Reading sponsored by a gift from Florence Newman Trefethen ’43 and the Marianne Moore Fund for the Study of Poetry.
Marie Ponsot
Thursday | April 5, 2008 | 7:30 p.m. | Ely Room, Wyndham
Marie Ponsot’s books of poems include True Minds, Admit Impediment, The Green Dark, The Bird Catcher (recipient of the 1998 National Book Critics Circle Award) and Springing: New and Selected Poems. A native New Yorker, she has taught in graduate writing programs at Queens College/CUNY, Columbia University and the New School. She received the Poetry Society of America’s Frost Medal in 2005.

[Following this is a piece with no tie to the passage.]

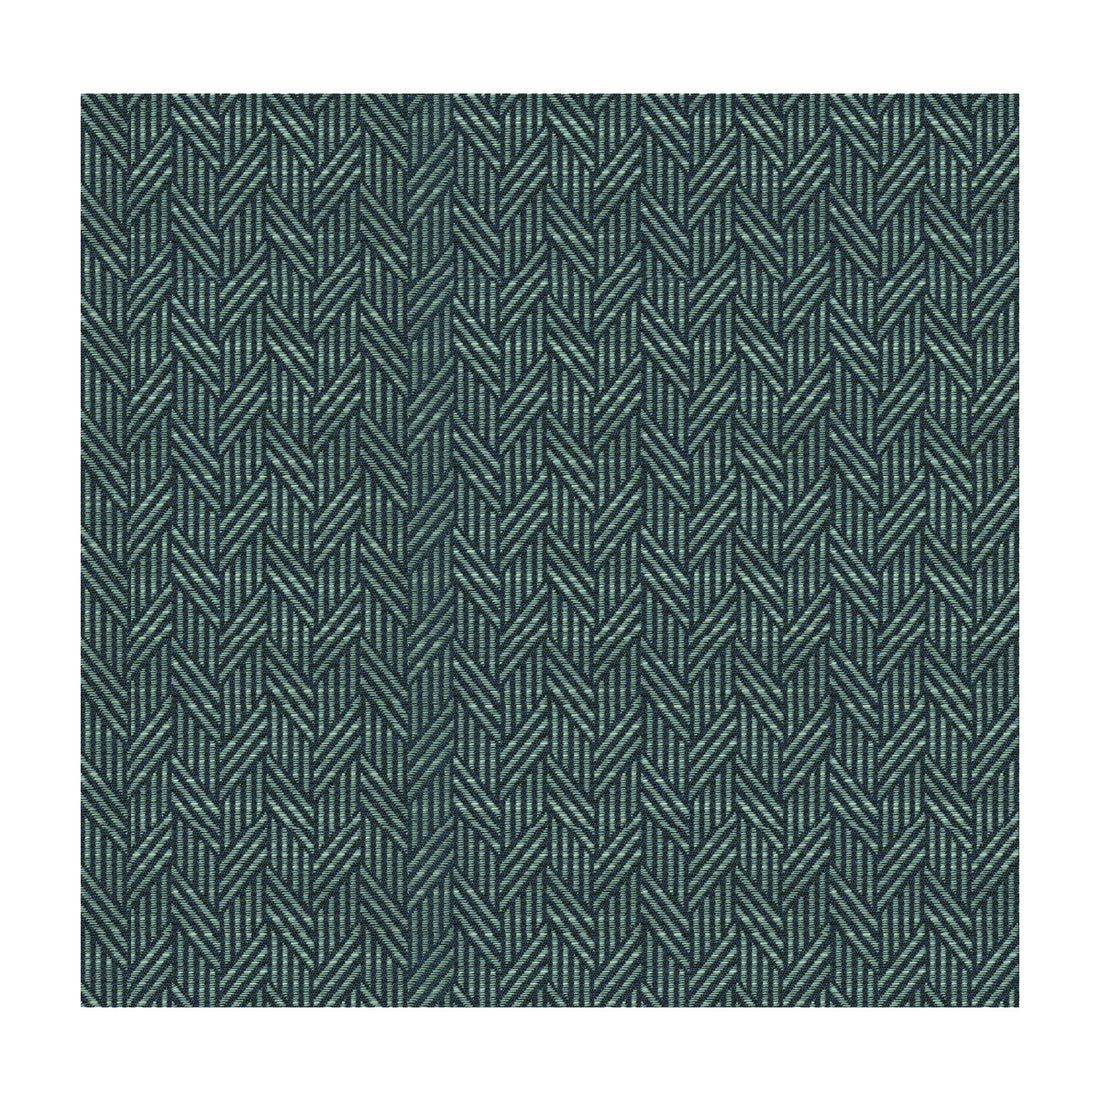 Kravet Smart fabric in 33618-5 color - pattern 33618.5.0 - by Kravet Smart

Reading sponsored by a gift from Florence Newman Trefethen ’43 and the Marianne Moore Fund for the Study of Poetry.
Yusef Komunyakaa
Thursday | April 19, 2008 | 7:30 p.m. | Ely Room, Wyndham
Among Yusef Komunyakaa’s 11 books of poems are Taboo: The Wishbone Trilogy, Part One; Talking Dirty to the Gods; Thieves of Paradise; Neon Vernacular: New and Selected Poems (recipient of the Pulitzer Prize for Poetry and the Kingsley Tufts Poetry Award); and Dien Cai Dau. His prose has been collected and published as Blue Notes: Essays, Interviews and Commentaries. Komunyakaa has also received the Shelley Memorial Award and the Ruth Lilly Poetry Prize. He teaches at Princeton University.
Reading sponsored by a gift from Florence Newman Trefethen ’43 and the Marianne Moore Fund for the Study of Poetry.